要递归地反转链表,我们(递归地)反转由除第一个节点之外的所有内容组成的子列表,然后将第一个节点放在末尾。要将第一个节点放在末尾,我们需要递归调用返回指向最后一个节点的指针,以便我们可以访问其 

next
成员。当子列表为空时,我们停止递归,只返回当前节点。将第一个节点附加到递归调用结果的末尾后,当我们从当前递归调用返回时,第一个节点就是“最后一个节点”。还有一个最后的细节:原始的第一个节点(现在是最后一个)仍将指向原始的第二个节点(现在是倒数第二个)。我们需要将其修复为空,因为它现在是列表的末尾。

因此:

node* reverseLinkedListHelper(node* head) {
    if (head->next == NULL) { return head; }
    node* last = reverseLinkedListRecursively(head->next);
    last->next = head;
    return head;
}

void reverseLinkedList(node* head) {
    assert (head != NULL);
    reverseLinkedListHelper(head);
    head->next = NULL;
}

还有一个问题,我会让你思考一下:我们如何获得指向列表的 new 头的指针? :)

1
投票

对于每次递归,跟踪当前节点和其余节点的前面。当其余为 NULL 时返回。递归返回后,反转“rest”的下一个字段以指向当前。为了跟踪新的第一个节点,递归函数只需将旧的最后一个节点传回。

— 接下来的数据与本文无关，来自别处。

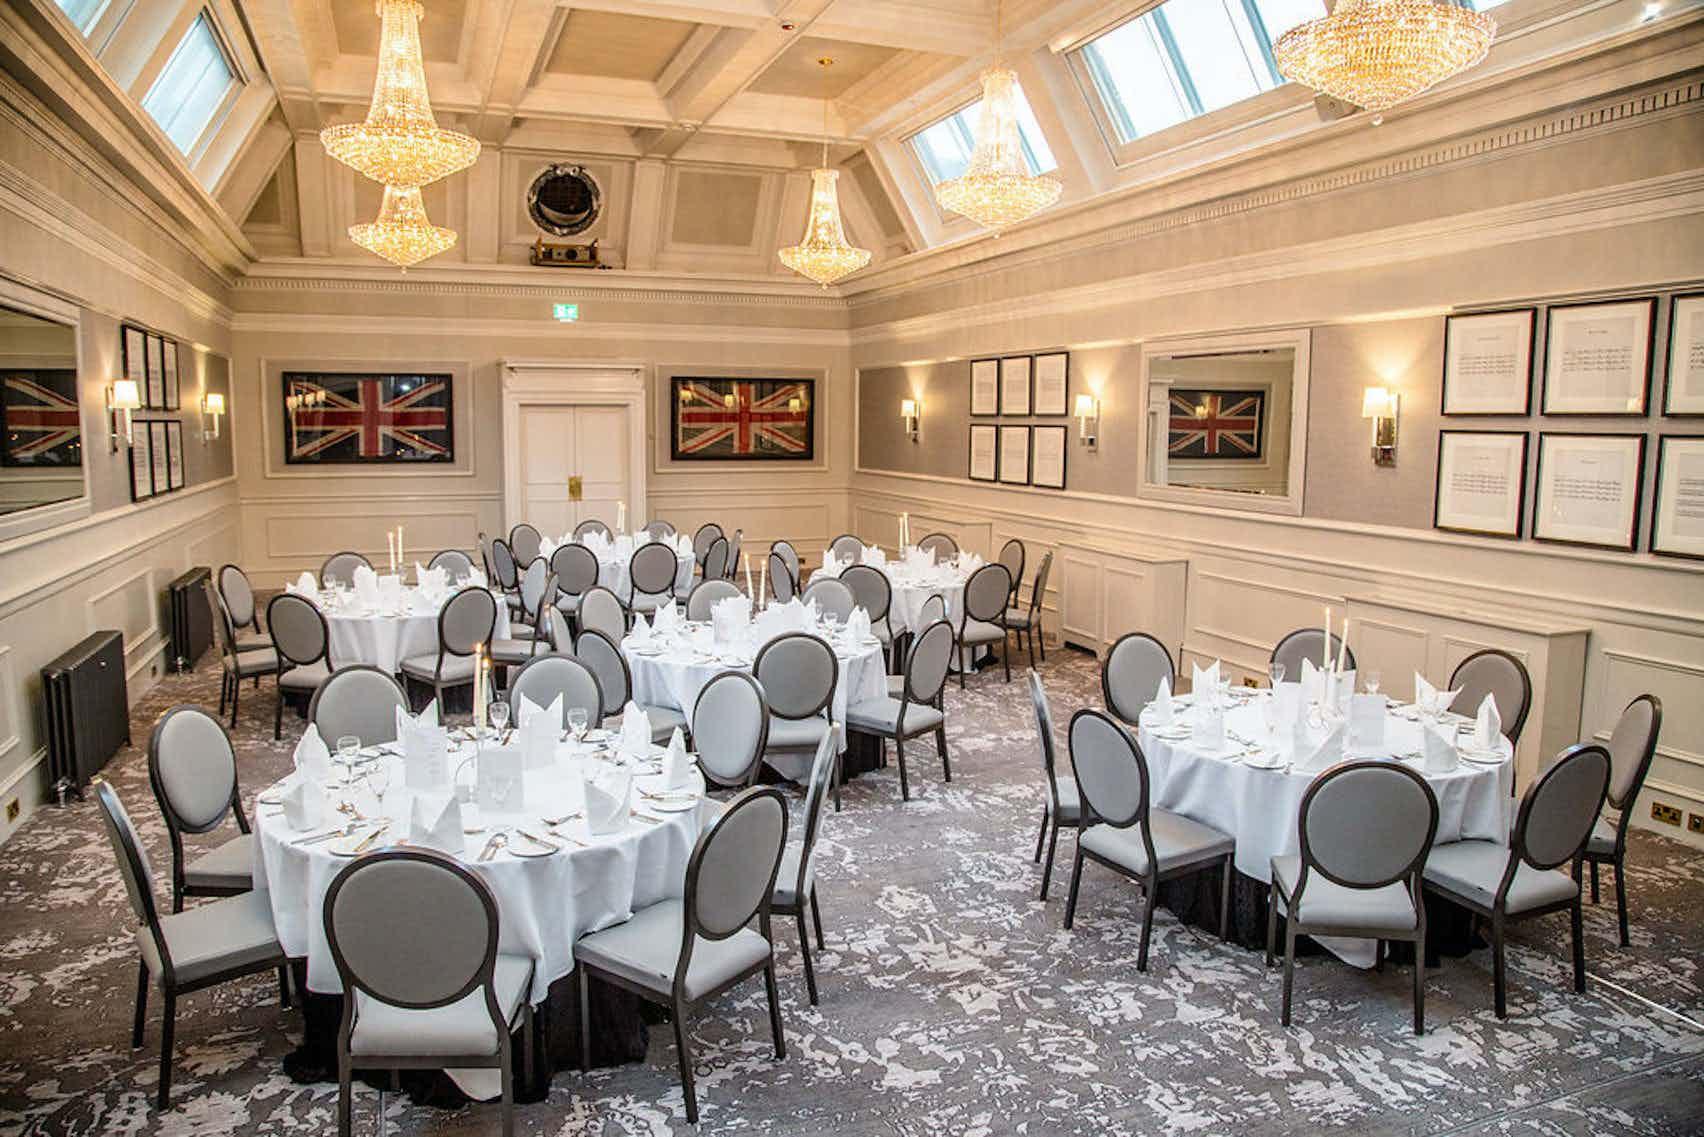 The Hepburn Suite, Royal Scots Club
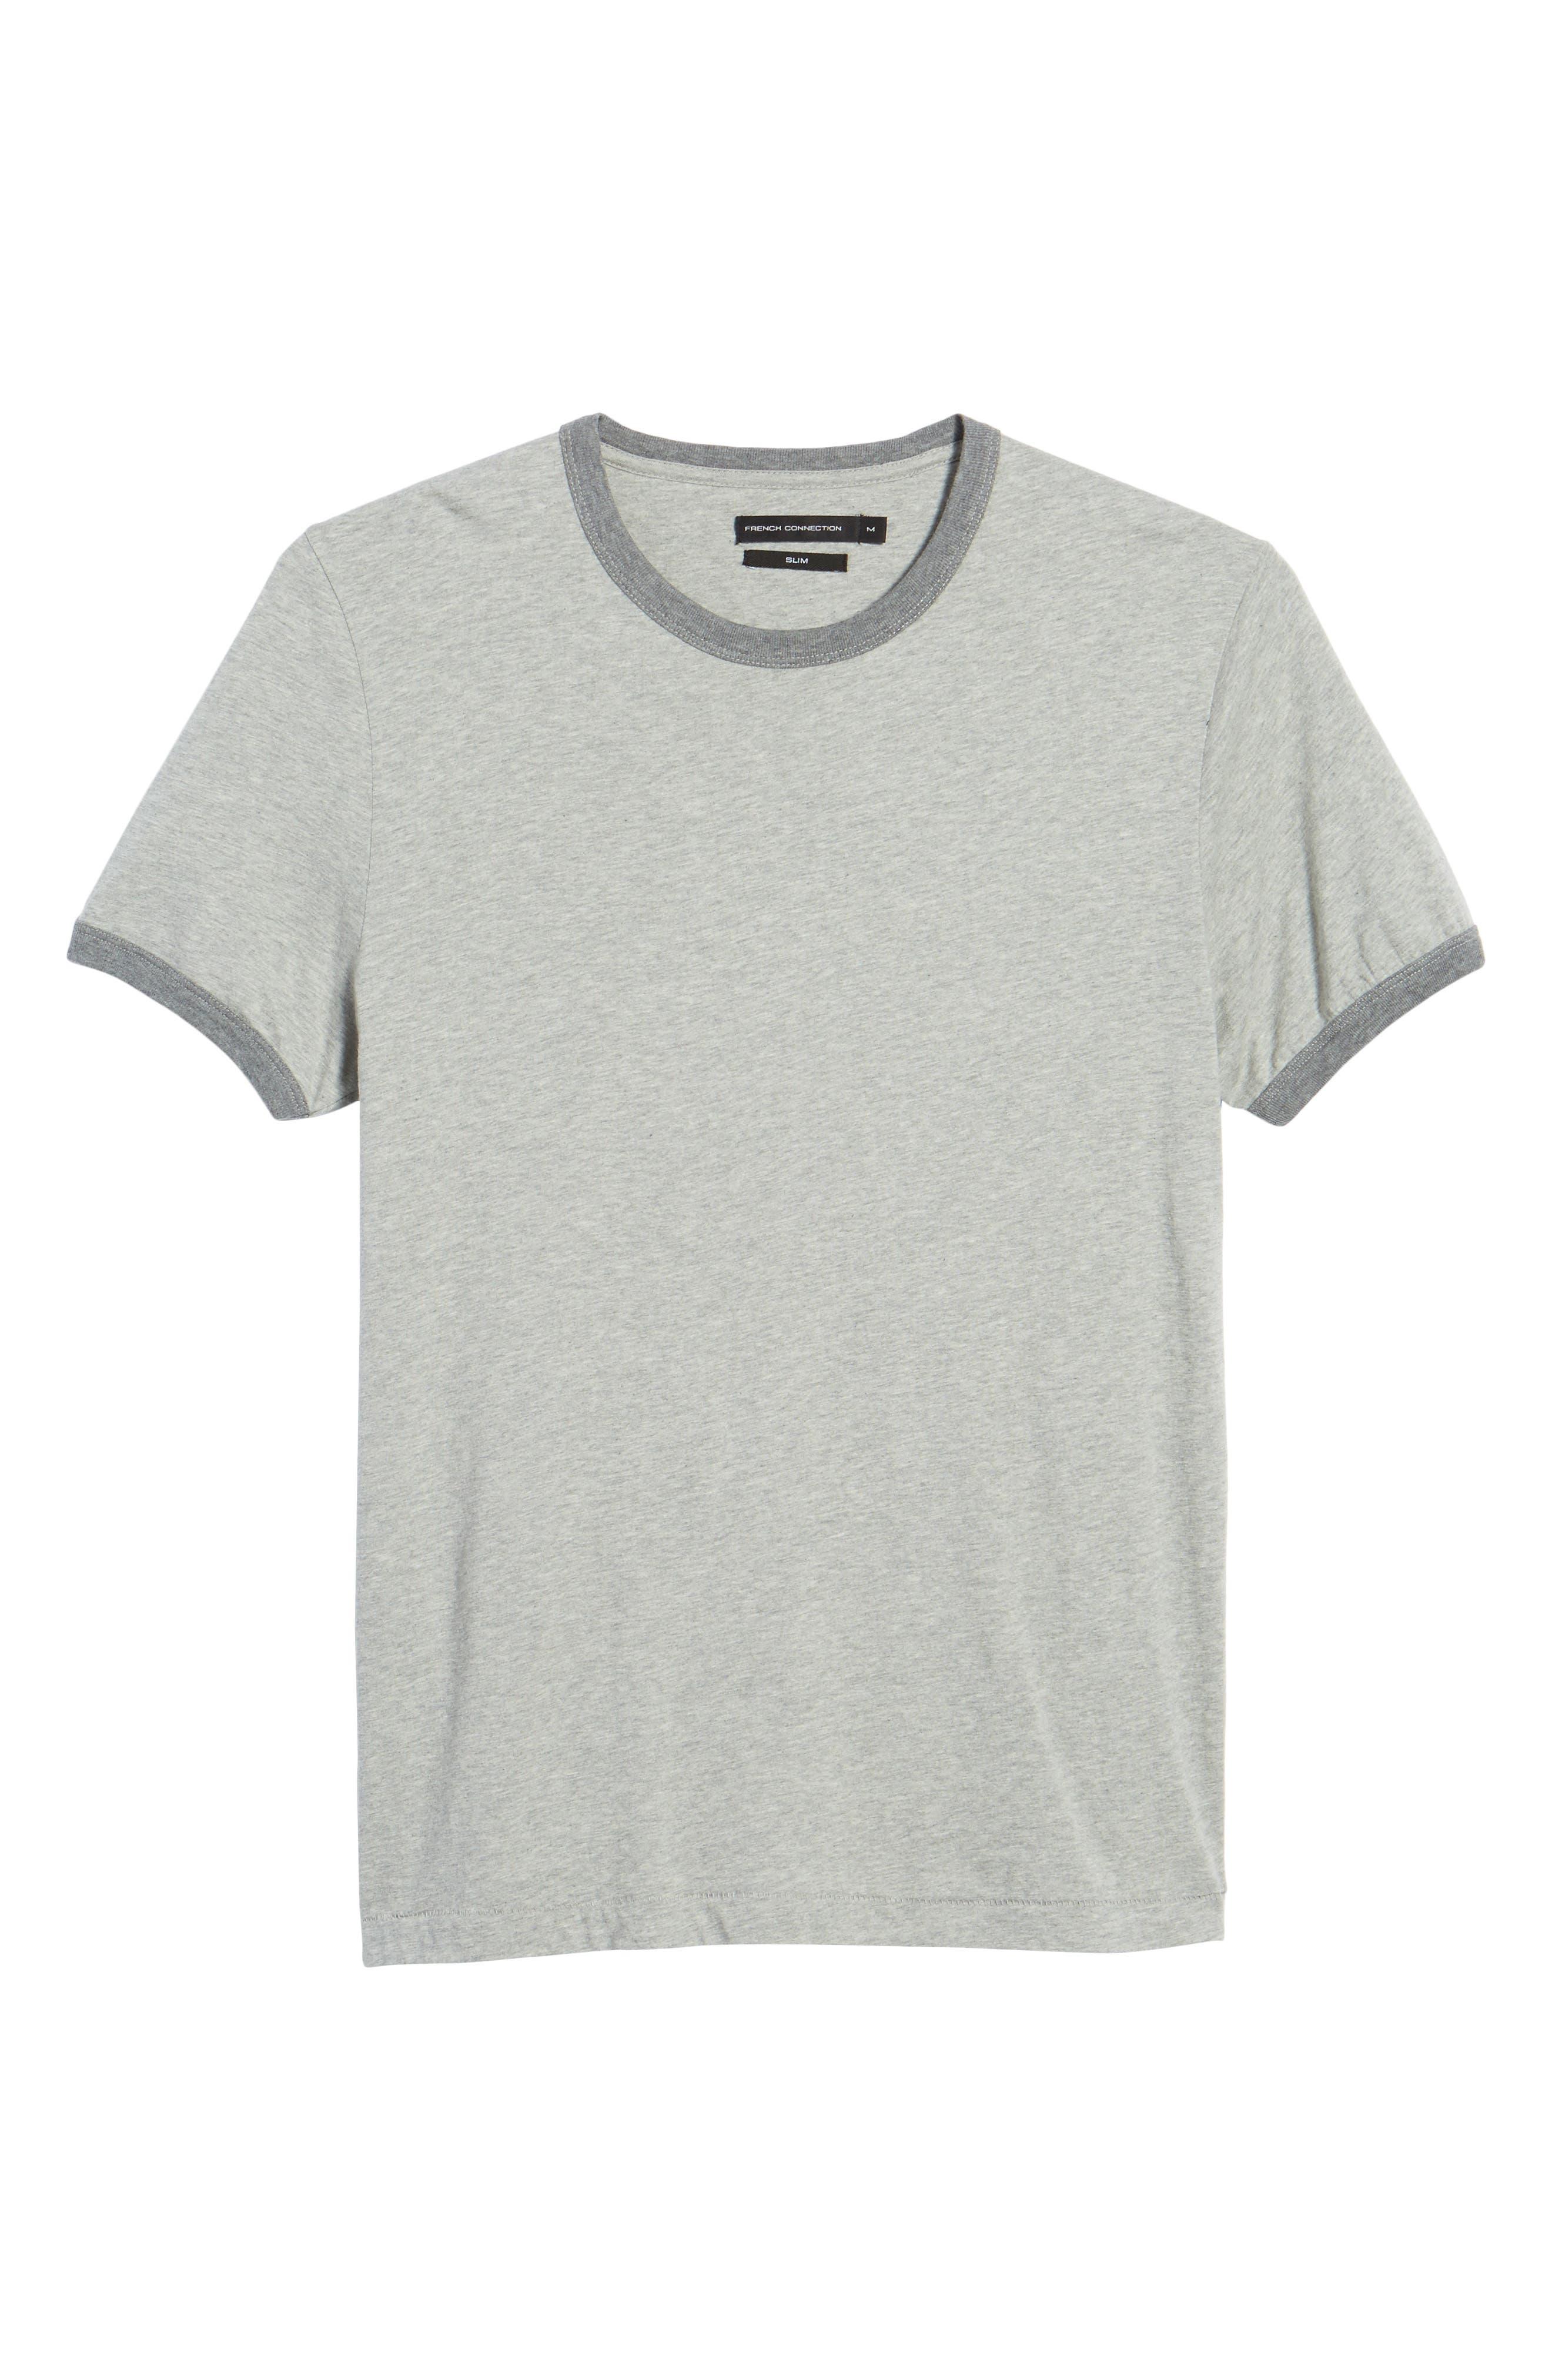 Bens Slim Fit Ringer T-Shirt,                             Alternate thumbnail 6, color,                             032

void recursive_reverse() {
    // driver for the recursive reverse function.
    // first is a data member of linked list that point to the first node of list.
    first = recursive_reverse(first, first->next);
}

Node* recursive_reverse(Node *current, Node *rest) {
    // if rest == NULL, the current must be the old last node,
    // which is also the new first node
    if (rest == NULL) return current;
    Node *new_first = recursive_reverse(current->next, rest->next);

    // rearrange pointers
    rest->next = current;
    current->next = NULL;

    // pass along the new first node
    return new_first;
}

我原来的实现使用了哨兵节点,所以我没有在这里测试代码。对不起!只需将其作为伪代码读取即可。

1
投票
void RecursiveReverse(struct node** headRef)  
{  
    struct node* first;  
    struct node* rest; 

    if (*headRef == NULL) return; // empty list base case

    first = *headRef; // suppose first = {1, 2, 3}
    rest = first->next; // rest = {2, 3}

    if (rest == NULL) return; // empty rest base case
    RecursiveReverse(&rest); // Recursively reverse the smaller {2, 3} case after: rest = {3, 2}

    first->next->next = first; // put the first elem on the end of the list
    first->next = NULL; // (tricky step -- make a drawing)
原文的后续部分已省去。